▸ **DESCRIPTION OF THE TASK**:
Only what runs from the line with "BRIGITTE BARDOT - Show" to the end of the data should appear in the answer, exactly as written and without pictures.

▸ **PROVIDED MATERIAL**:
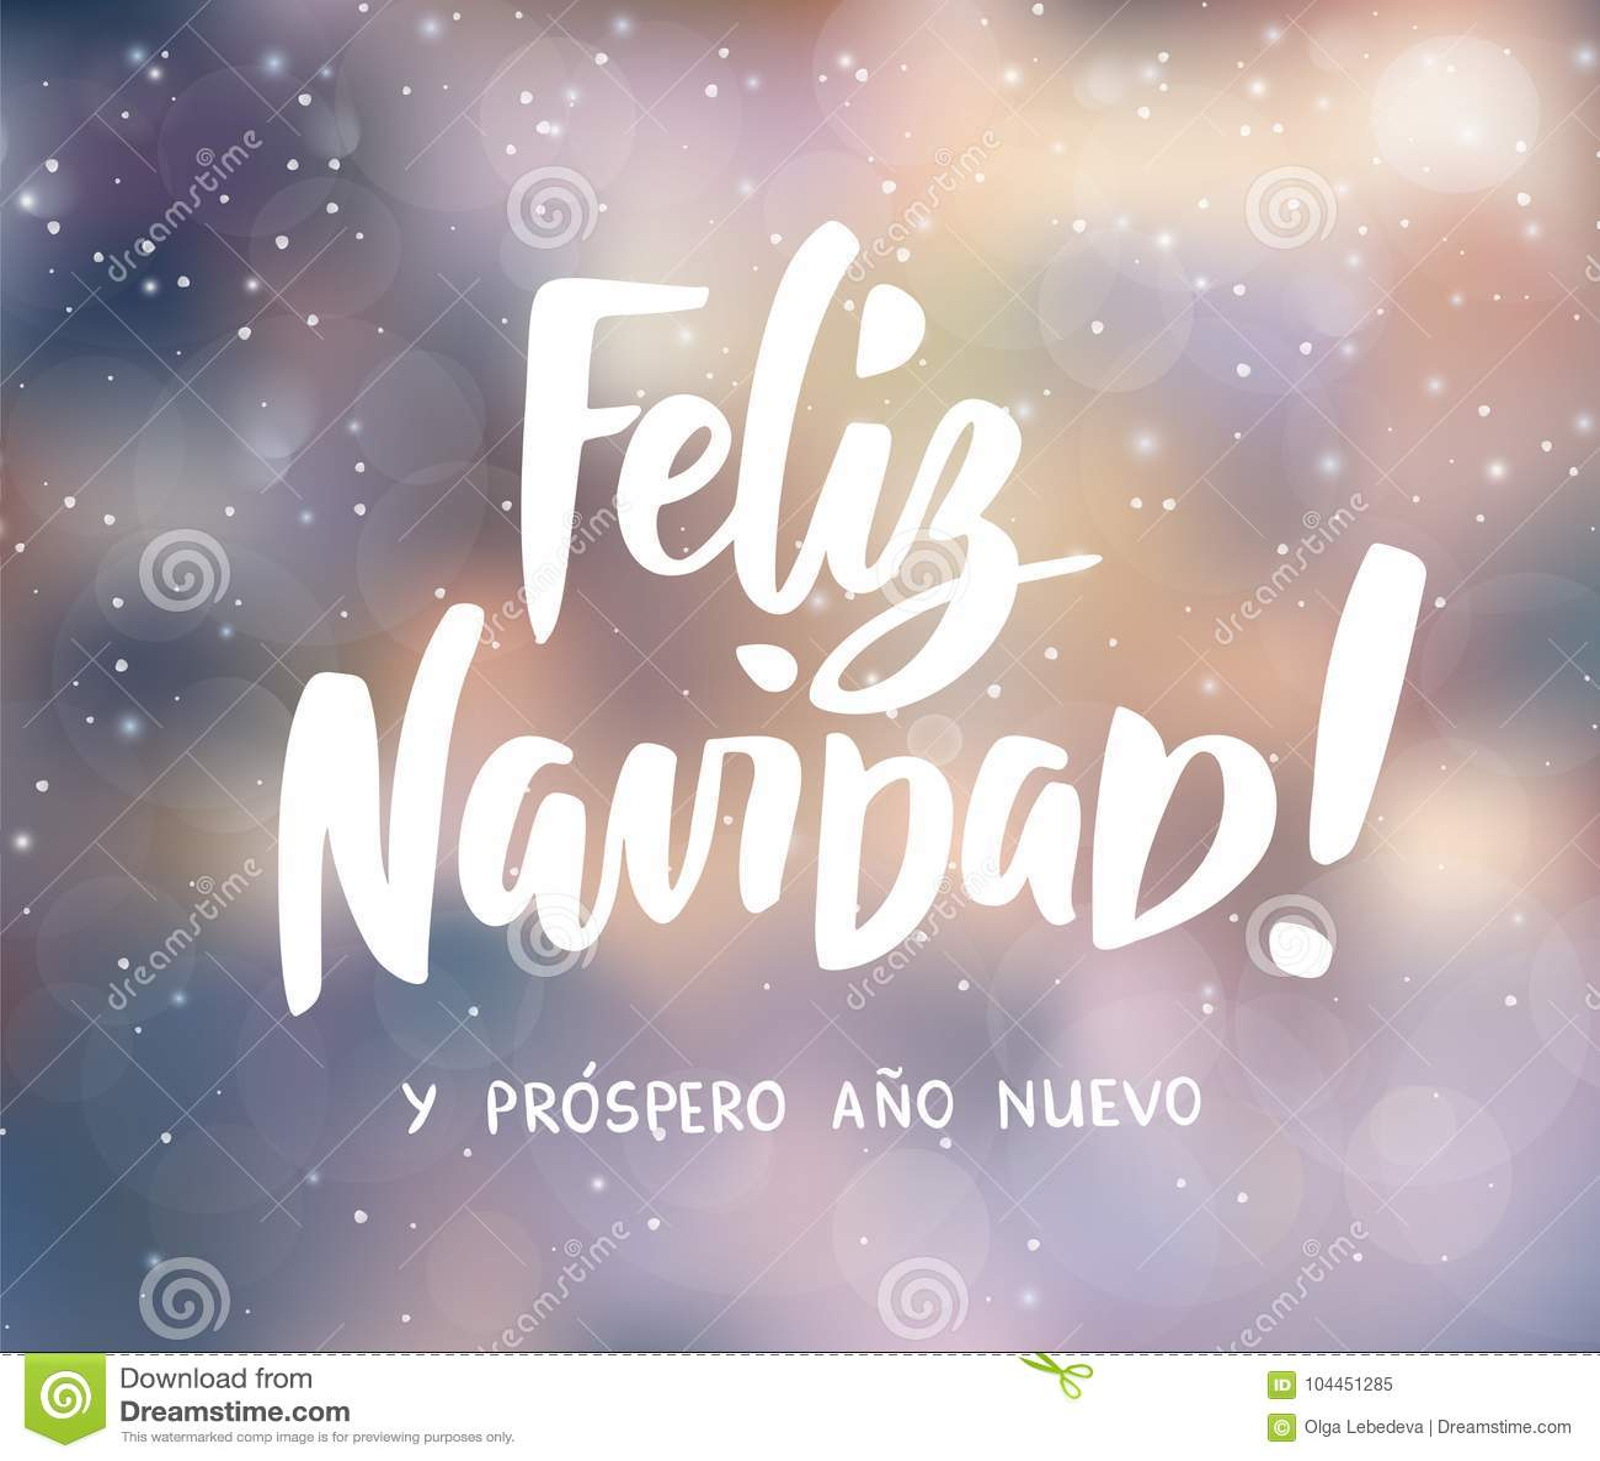 Feliz Navidad Joyeux Noel 2019.Feliz Navidad Y Prospero Ano Nuevo Le Joyeux Noel Et La
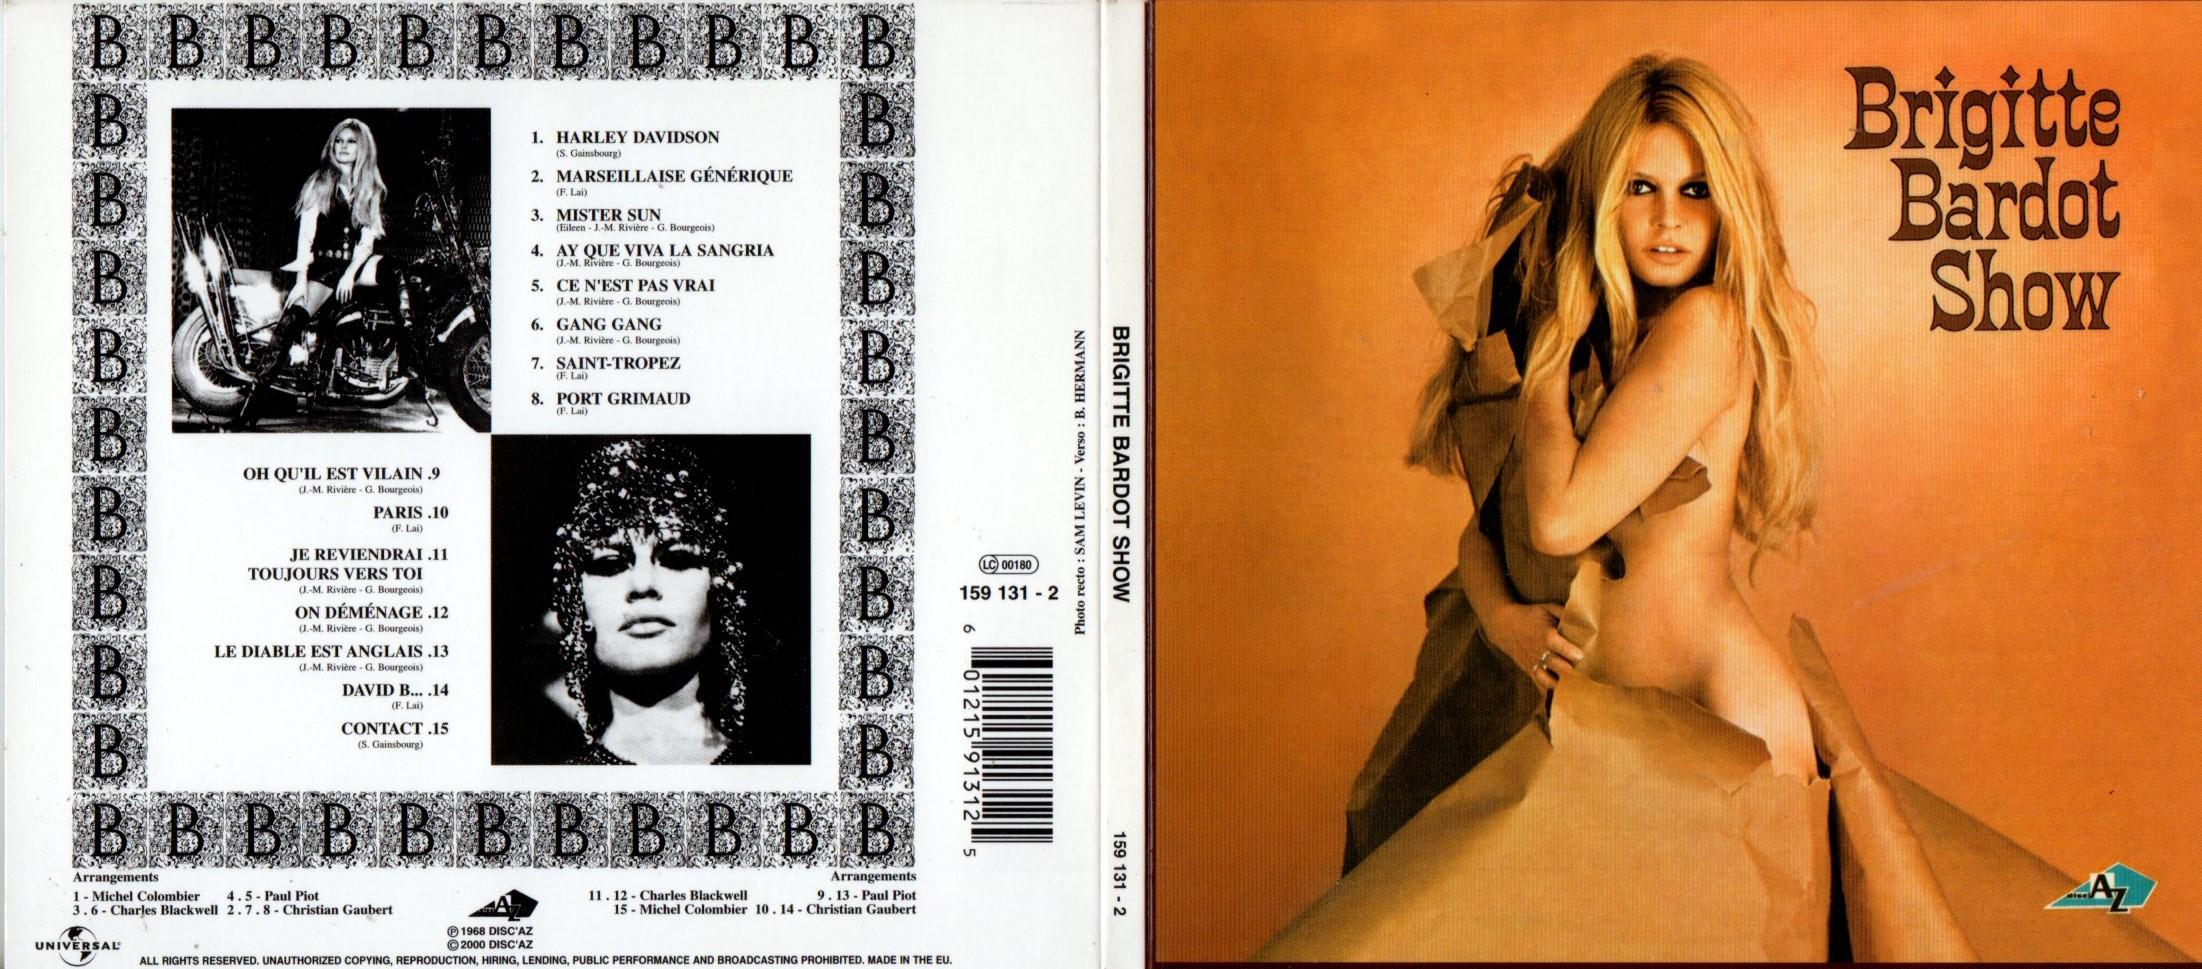 BRIGITTE BARDOT - Show Ltd Edition Digipack - CD
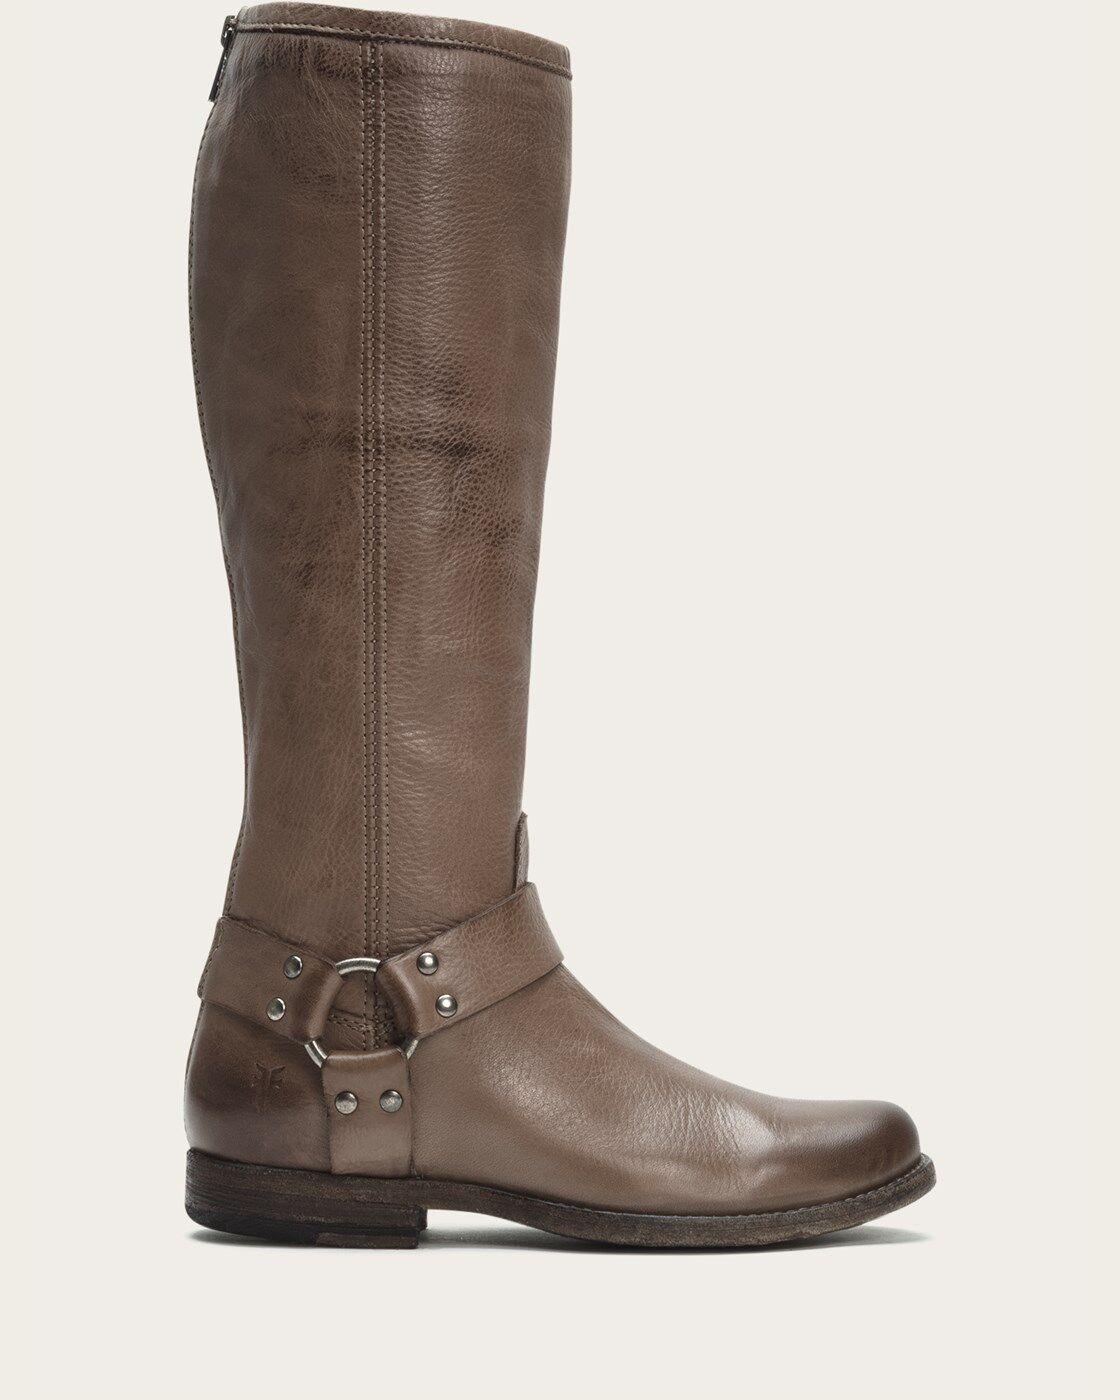 Frye Phillip Harness Tall Mujer Mujer Mujer gris bota 7566 Talla. 5.5B  barato y de alta calidad

▸ **ANSWER TO THIS PROBLEM**:
 BRIGITTE BARDOT - Show Ltd Edition Digipack - CD
 Frye Phillip Harness Tall Mujer Mujer Mujer gris bota 7566 Talla. 5.5B  barato y de alta calidad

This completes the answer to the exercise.